Republican presidential candidate Chris Christie on Sunday slammed his party’s requirement that White House hopefuls vow to support the eventual nominee if they want to make the debate stage in the crowded primary field.
“I think the pledge is just a useless idea,” the former New Jersey governor said on CNN’s “State of the Union.” “And by the way, in all my life, we never had to have Republican primary candidates take a pledge. We were Republicans, and the idea is you’d support the Republican whether you won or whether you lost, and you didn’t have to ask somebody to sign something.”
Fellow GOP presidential candidate Asa Hutchinson, former Arkansas governor, was rebuffed by the party when he sought a carve-out for the loyalty pledge if the nominee is convicted of a crime amid charges against former President Donald Trump for allegedly mishandling classified documents at his Mar-a-Lago home after leaving office.

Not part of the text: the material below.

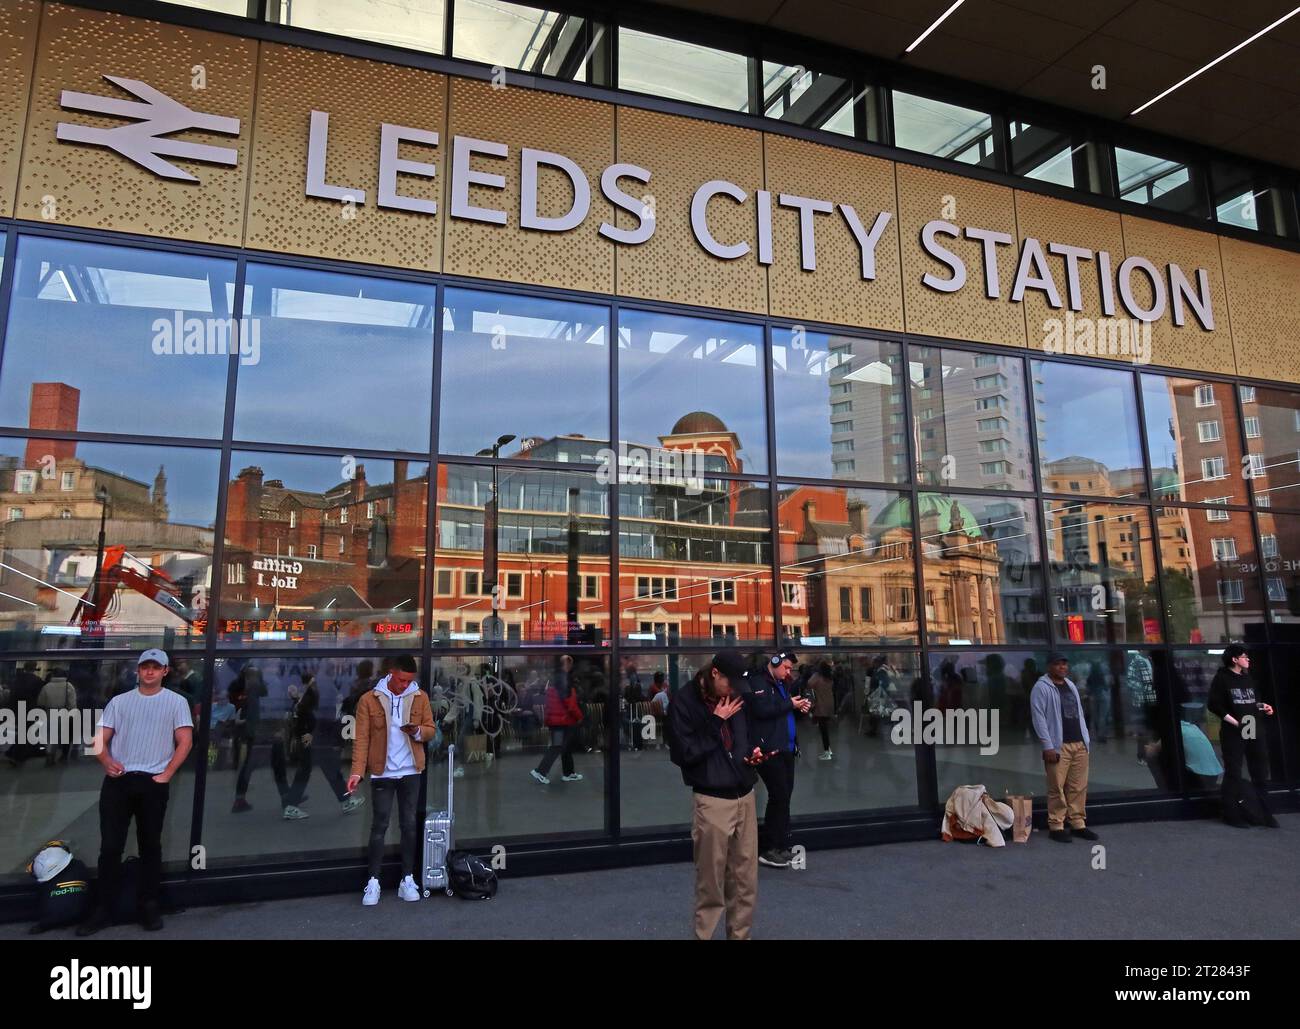 Entrée principale 2023 avec réflexion du paysage urbain, à l'extérieur de la gare de Leeds City à New Station St, Leeds, Yorkshire, Angleterre, LS1 4DY Banque D'Images

Mr. Christie, an anti-Trump Republican and frequent critic of his own party, said he’s told Republican National Committee Chairwoman Ronna McDaniel the pledge is “a bad idea.”
He went on to take a jab at Mr. Trump, who is also running again for president, by saying he’ll take this cycle’s loyalty pledge “just as seriously as Donald Trump took it in 2016.” Mr. Trump, before being nominated in 2016, refused to commit to supporting the eventual nominee.
“There were 10 of us on the stage, nine of us raised our hands,” Mr. Christie said. “The one who didn’t was Donald Trump.”